• Assigned task:
Each line of the material must be reproduced exactly; pictures stay out.

• Dataset content:
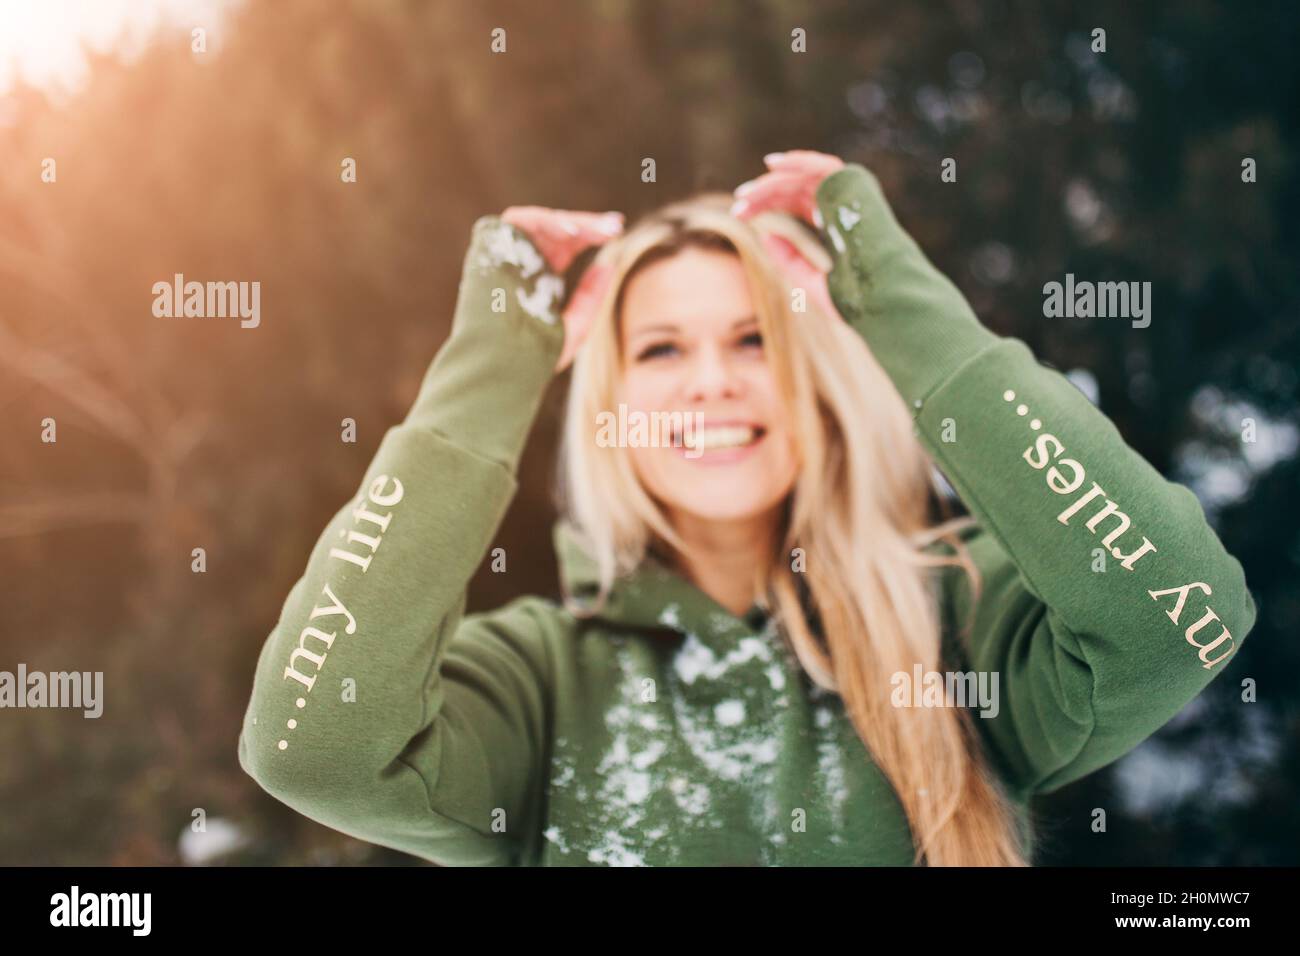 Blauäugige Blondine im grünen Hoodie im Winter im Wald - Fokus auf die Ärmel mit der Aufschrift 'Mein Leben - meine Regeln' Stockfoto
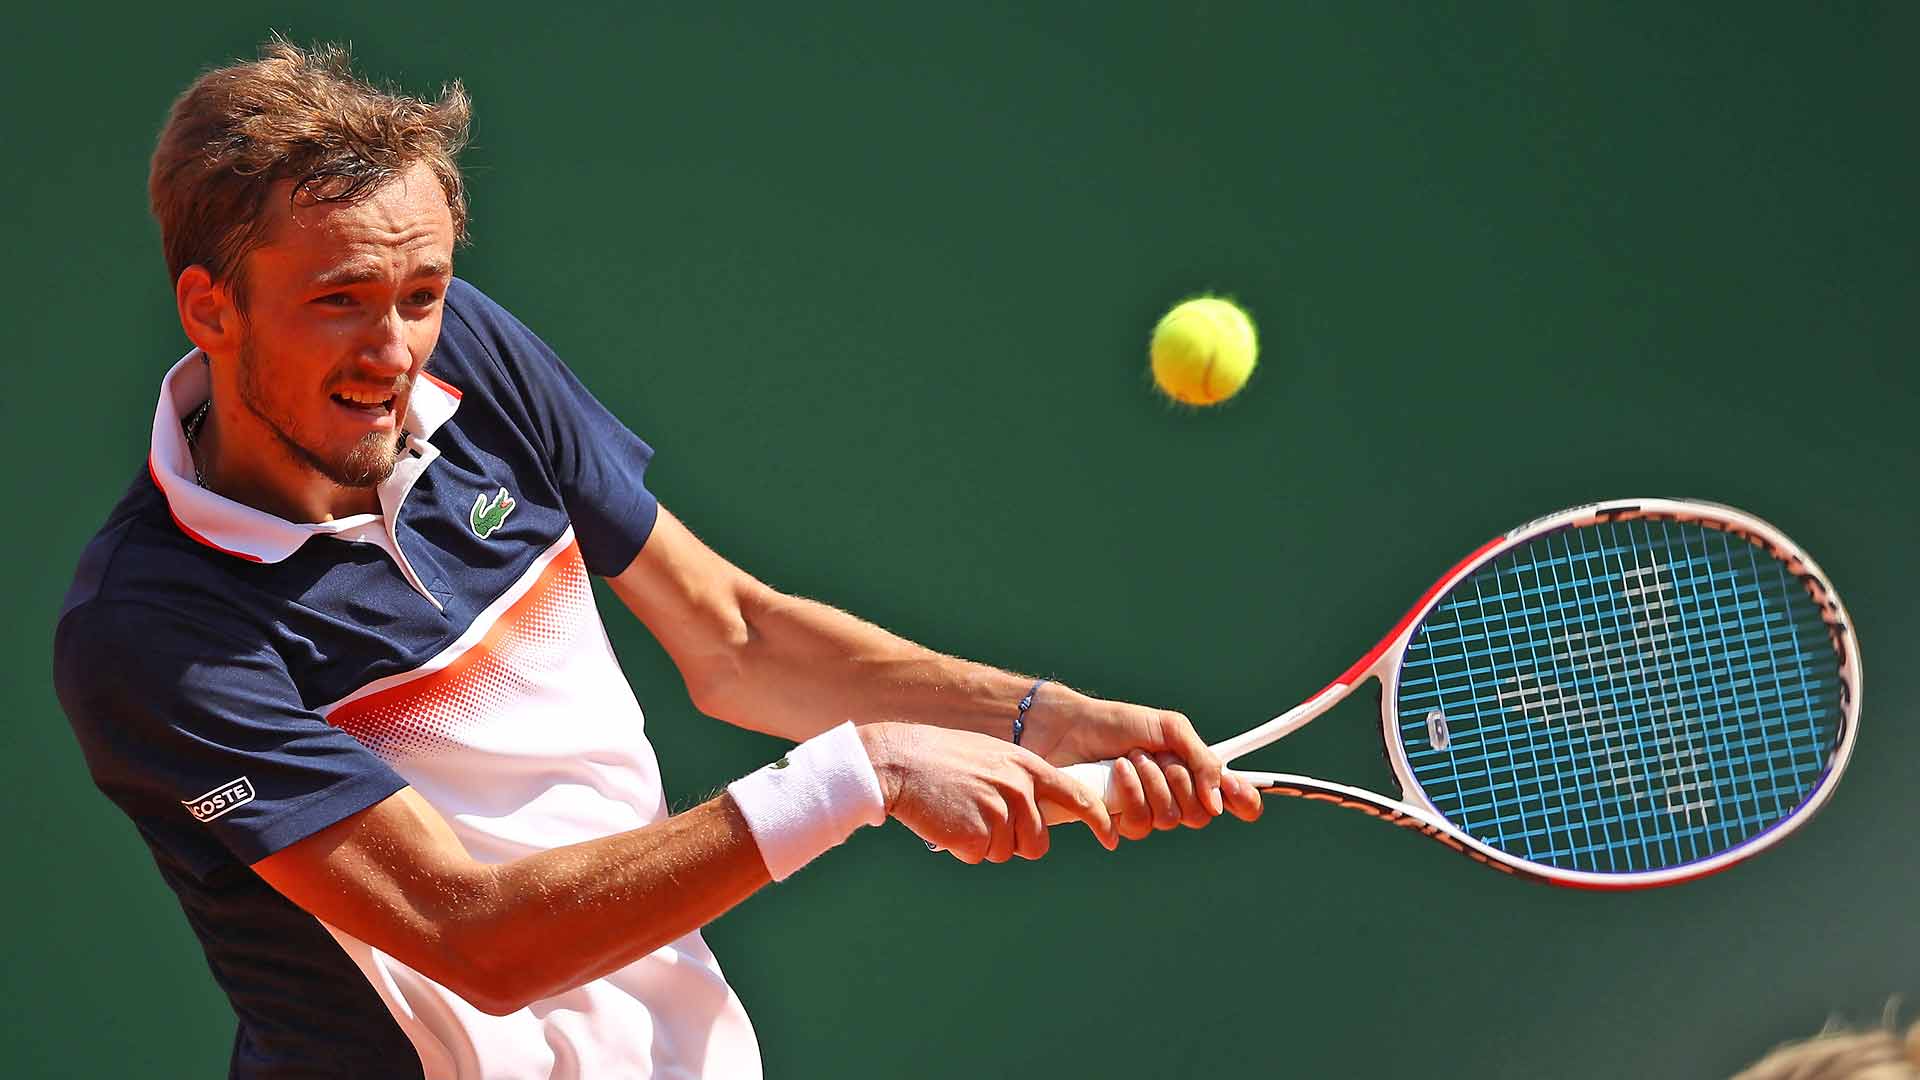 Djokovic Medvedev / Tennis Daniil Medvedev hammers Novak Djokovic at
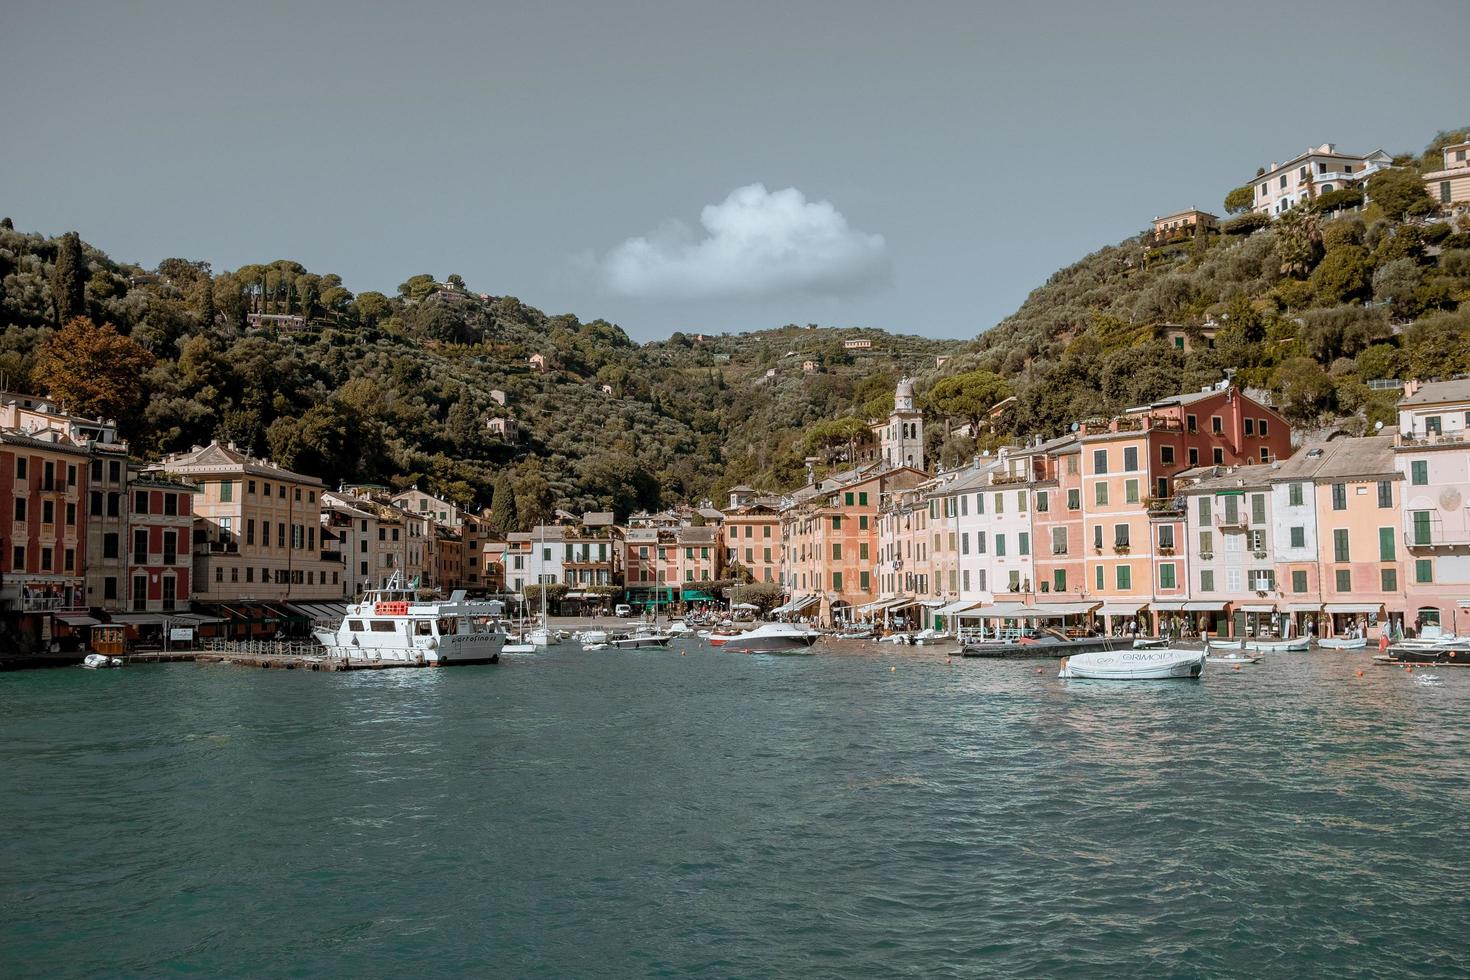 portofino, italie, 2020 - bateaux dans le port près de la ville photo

• Written answer:
 Blauäugige Blondine im grünen Hoodie im Winter im Wald - Fokus auf die Ärmel mit der Aufschrift 'Mein Leben - meine Regeln' Stockfoto
 Djokovic Medvedev / Tennis Daniil Medvedev hammers Novak Djokovic at
 portofino, italie, 2020 - bateaux dans le port près de la ville photo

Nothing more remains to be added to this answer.